Case Study 1

The lowest quote won’t always make you the most money

This situation occurred over half a decade ago. We regularly discuss this supplier to this day. Note: the factory in question is not in the photographs that follow.

Scenario

Envest had been actively manufacturing a simple metal welded assembly for a client for years. The production was going relatively smoothly, however raw material, zinc plating and labour cost increases meant that margins were becoming slim. Subsequently, Envest was approached by a vendor at a conference claiming to have significantly lower costs than other suppliers due to a fully operational factory with preferred material costs, co-located plating facilities as well as lower labour rates. As a result, the vendor was able to quote a 50% cost reduction instantly. Envest actively followed up on the supplier lead, vetting the manufacturer through the Supplier Approval Process (SAP) including in-person audits. While the results of the audits and supplier reviews marginally scraped by, we still decided to proceed to sampling with the supplier so as not to miss out on a huge potential saving.

Result

After nearly one year of attempting to complete the Production Parts Approval Process (PPAP), Envest had to abandon all capital and time invested into the supplier. In the end, the supplier had misrepresented available resources on all levels - business management, engineering, quality control as well as fixed assets to conduct the manufacturing and quality control plans.

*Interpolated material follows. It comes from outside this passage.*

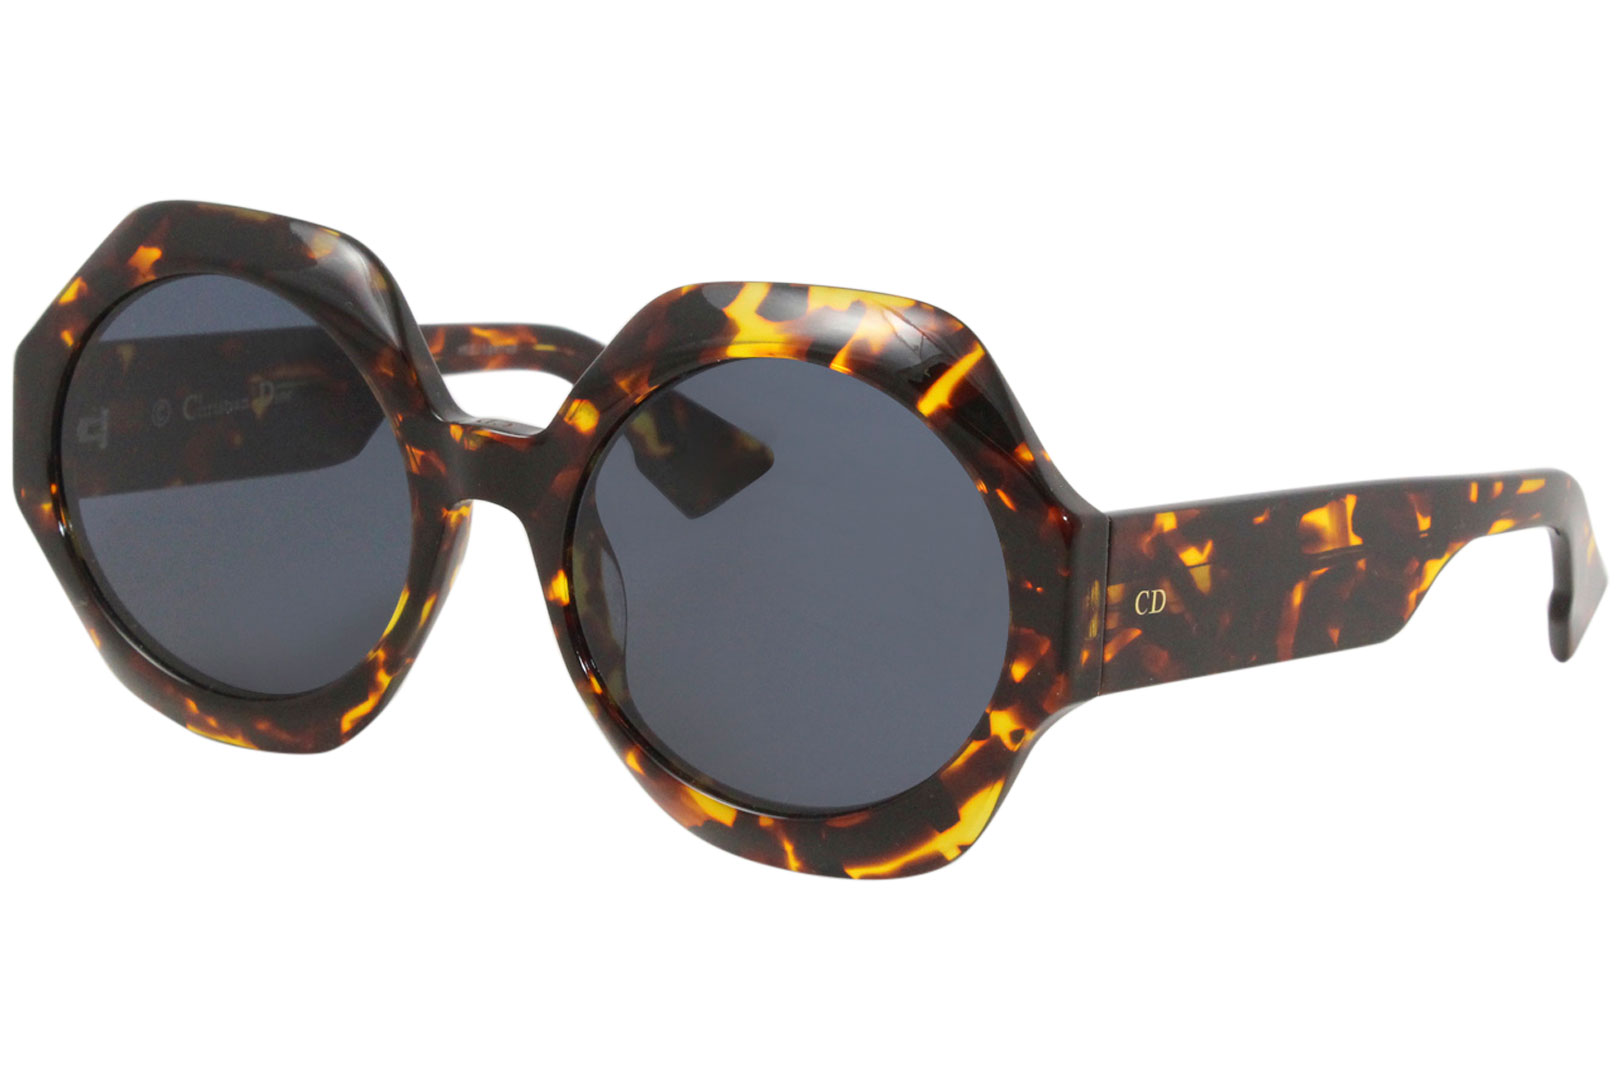 Dior  Accessories  Dior Spirit Sunglasses 58mm  Poshmark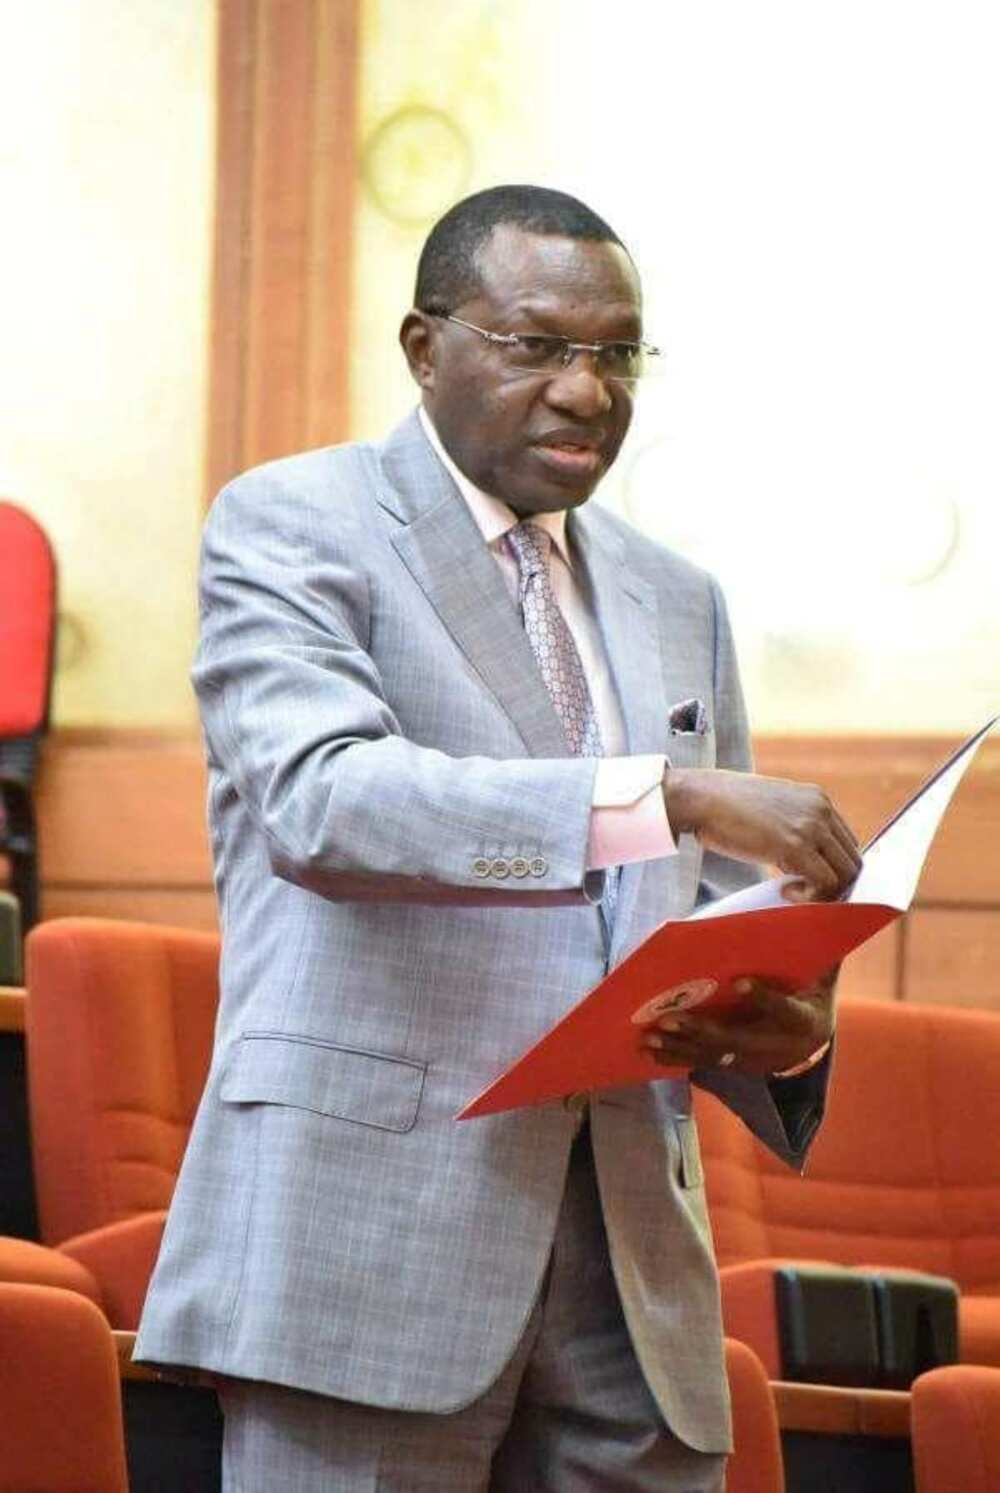 Senator Andy Uba

Resources that were depicted in upfront audits were borrowed from sister-companies, and the in-person factory tour was conducted on premises that were ultimately not available to be used by our product. In the end, Envest explored the possibility of helping the supplier invest in assets, train personnel and bring the supplier’s capability up to an acceptable level to be able to manufacture the part. In the end, the costs to perform these improvements would more than double the cost of the parts, eliminating any potential savings and even potentially making the cost more than continuing to work with the original supplier.

Solution

In the end, the old adage usually holds true “If it’s too good to be true, it probably is”. Beyond that, Envest reviewed all of its SAP processes rigorously. More specific and pointed questions regarding production activities, available resources and company background are obtained before a supplier is approved for sampling. If these pointed questions are not met or are refused by suppliers; they are immediately culled from the vetting process without exception. Furthermore, we have learned to lean more heavily on our capabilities to predict the actual costs associated with manufacturing. By breaking down an injection moulded, sheet metal, or glass component to its constituent materials and processes we are often able to predict target costs within 5 to 10% of the ideal quoted value. If a supplier is able to quote under these predicted costs, a major red flag is raised and we approach these vendors with immense caution. Outlier quotes are usually just that - outliers, very rarely are significantly cheaper quotes from fly-by-night suppliers going to make you any money.